Nasci em Bolama, e o meu pai era um indivíduo que tinha a sua visão da vida, tinhas os seus conceitos e o regime colonial não oferecia muitas escolhas, nomeadamente as estruturas escolares. As mais abertas eram as chamadas missões católicas que davam instrução primária. Mas para ser matriculado nessas escolas, para ser aluno tínhamos que praticar a religião cristã: estudar a catequese, ir às missas e inclusivamente o meu nome Ernesto é uma imposição colonial. Naquele tempo, para ser matriculado tínhamos que ter um nome cristão. O que também aconteceu no meu caso. Quando me fui matricular mostrámos o meu nome e disseram que não era possível, quando chegámos a casa o meu pai pegou no nome Ernesto e disse “o importante é que ele vá para a escola”. Houve ainda a particularidade do meu pai nunca ter pressionado ninguém para a sua fé. Admitiu que nós praticássemos a religião que entendêssemos. E o meu caso foi esse, conheci a religião cristã, evolui na mesma até que cheguei a uma altura em que disse “agora não pratico nada”. Agora penso que há qualquer coisa que gere este universo e respeito muito isso, mas o essencial é praticar tudo aquilo que é a recomendação positiva de qualquer religião. Faço questão de fazer da vida um acto de partilha. Enquanto conseguir isso estou seguro que estou bem .
Também é conhecido pela sua actividade politicamente interventiva, e em plena época colonial, dirigida à independência. Quando a determinada altura foi para Portugal, já tinha esta consciência? Como é que esta problemática ganhou forma?
Quando fui para Portugal ainda não tinha esta consciência, era ainda muito novo, com 13 ou 14 anos. Ela nasce também com a minha família. Na altura estava em Portugal com um irmão meu e ele já percebia o que se estava a passar no país. O meu pai também mais uma vez, foi alguém que estava ligado em Bolama, a essa corrente de pessoas que já estavam a perceber que a libertação nacional era um projecto que tinha que ir para a frente. Associando estas questões comecei a observar o que se passava, a aprender e a ler, e como gostava muito de ler fui aprofundando as coisas. Depois também tive a sorte de ter bons amigos, com quem cresci e que alguns, da classe média portuguesa, eram também gente com uma cultura muito diferente e que me deram muitas dicas no sentido de perceber o que se passava. E depois também era fácil entender que eu era diferente.

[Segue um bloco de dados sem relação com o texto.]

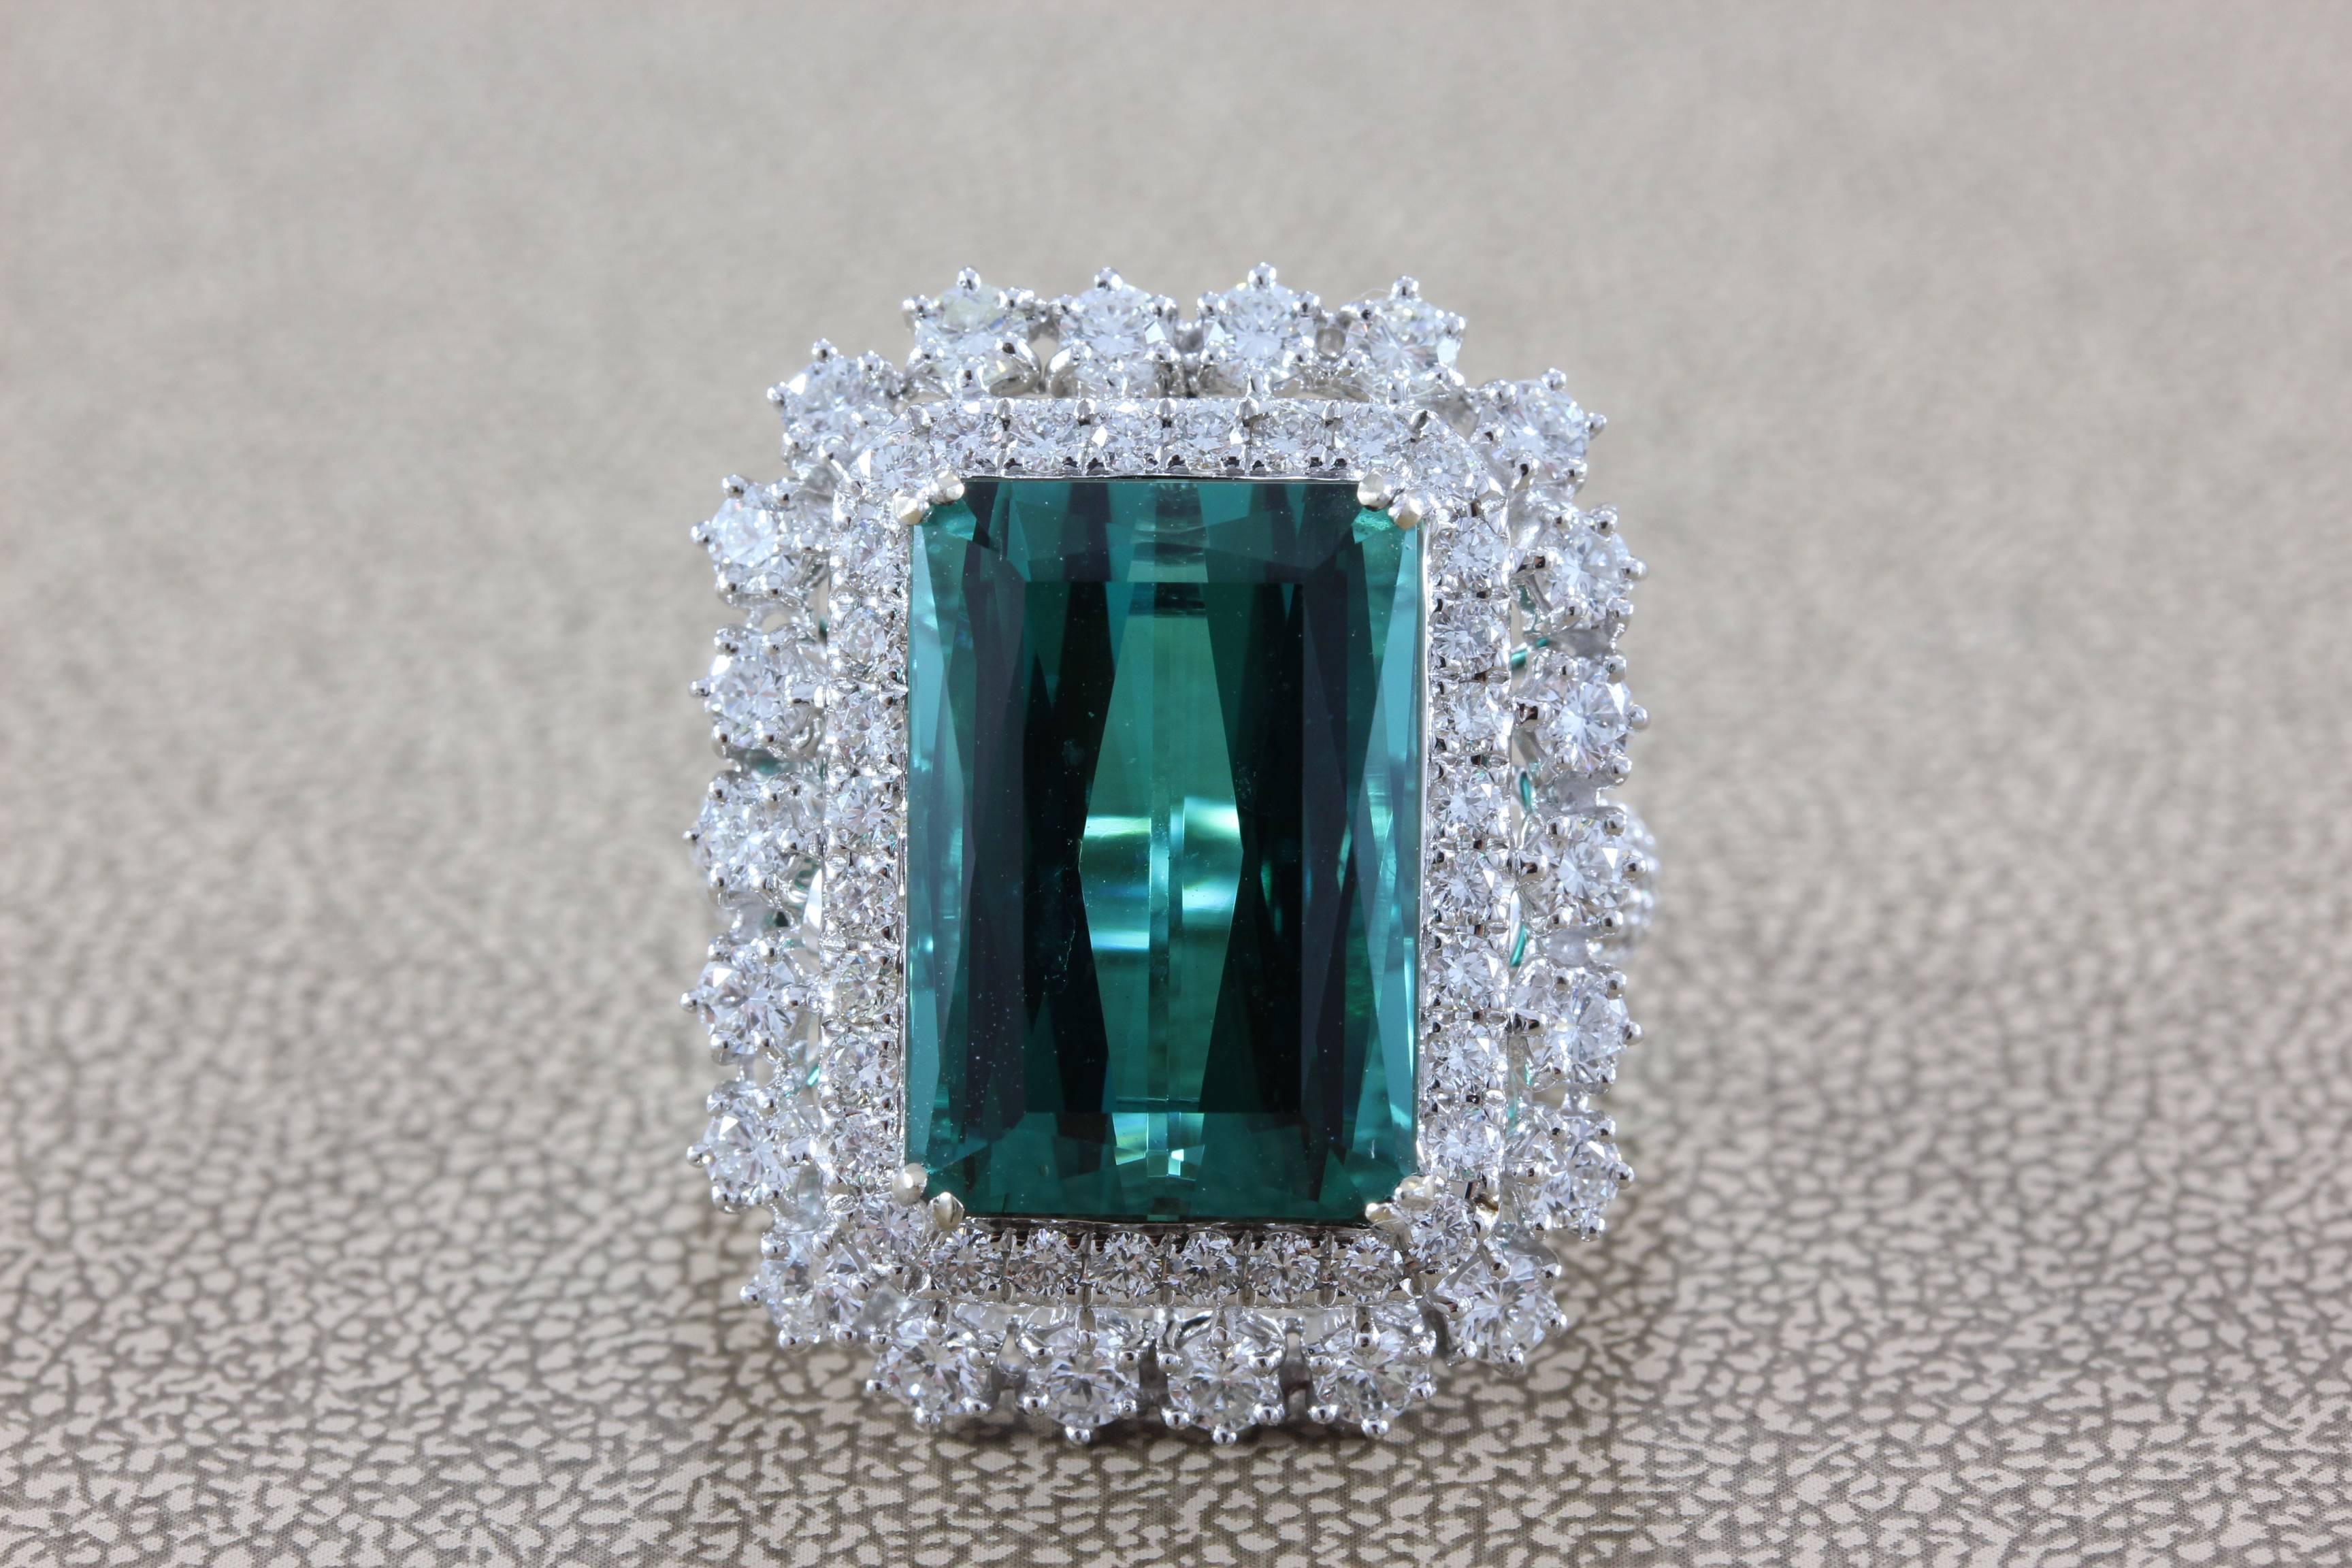 This royal ring features a 12.90 carat fancy cut Green Blue tourmaline which has been tested and certified by the GIA laboratory. The tourmaline features an even richly saturated color tone found in top gem quality tourmaline. A double halo of round

Sou negro, estou numa sociedade portuguesa, branca, que na altura, por sinal, não era assim tão culta e desenvolvida e juntando o meu carácter e a minha curiosidade em saber o que se estava a passar e porque fui forjando a minha consciência política até ter percebido, “ah, afinal é isto e não tem nada de mal, afinal a prova está aqui e agora compreendemos que afinal estávamos todos no mesmo barco”. Era o fascismo a fazer estragos em Portugal e era o colonialismo a fazer estragos na Guiné e eram combatentes pela democracia em Portugal e combatentes lá também. Gostei imenso de ter vivido este período.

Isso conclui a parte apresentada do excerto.